Researchers have identified the genetic framework under which people can adapt to living in low-oxygen, high altitude settings.

By pinpointing the genetic basis of adaptation to high altitudes, researchers hope to be able to develop more effective treatments for Monge's disease, also known as chronic mountain sickness (CMS).

Low-oxygen, high altitude conditions present numerous physical challenges to the more than 140 million people who live in such conditions around the world.

Some populations of high altitude-dwelling people have adapted to cope with hypoxia, or low levels of oxygen in the blood. Yet others, particularly people living in the Andes mountain region of South America, are maladapted and suffer from CMS.

CMS is characterized by an array of neurological symptoms such has headache, fatigue, sleepiness, depression. Often people with CMS will suffer strokes or heart attacks early in life. CMS is commonly found in people living in the Andes and occasionally in Tibetans, but the condition is notably absent in Ethiopians living in in high-altitude regions of East Africa.

Researchers sought to pinpoint the genetic mechanisms underlying high-altitude adaptation by comparing the genomes of Andean people with CMS and those of others living in high altitudes without CMS.

After analyzing the complete genomes, the researchers pinpointed two genes -- ANP32D and SENP1 -- which, the researchers wrote, "significantly increased expression in the CMS individuals when compared to the non-CMS individuals," suggesting that "down-regulating these genes could be beneficial in coping with hypoxia."

"While a number of published articles have described an association between certain genes and the ability for humans to withstand low oxygen at high levels, it was very hard to be sure if the association was causal," said principal investigator Gabriel G. Haddad of the University of California San Diego School of Medicine.

Haddad and his colleagues then looked at the genomic sequence of fruit flies subjected to the conditions of hypoxia.
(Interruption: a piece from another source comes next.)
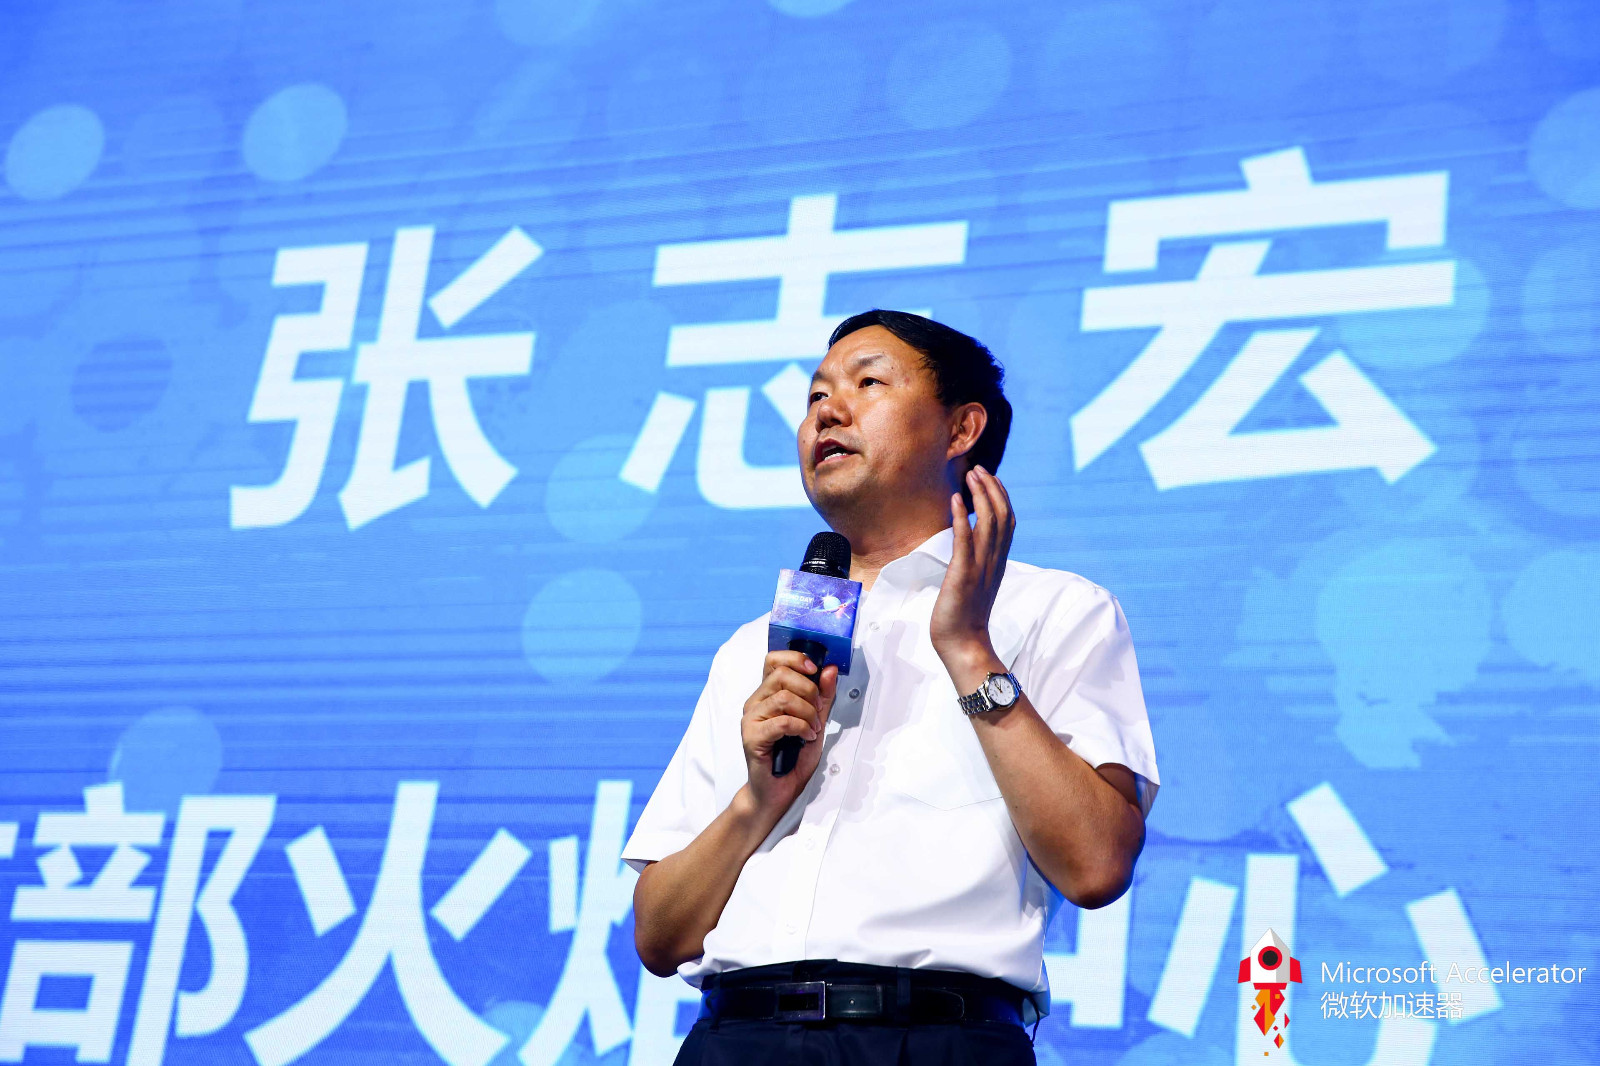 微软加速器·北京第九期展示日 构建企业融通

"We found that flies with these genes down-regulated had a remarkably enhanced survival rate under hypoxia," said Haddad.

"Their findings have important implications -- not only for those who live at high altitudes, but also in treating certain cardiovascular and brain diseases related to low oxygen levels in individuals living at any altitude," the university wrote in a statement.

Haddad and his colleagues' work was published online in advance of its upcoming publication in the American Journal of Human Genetics.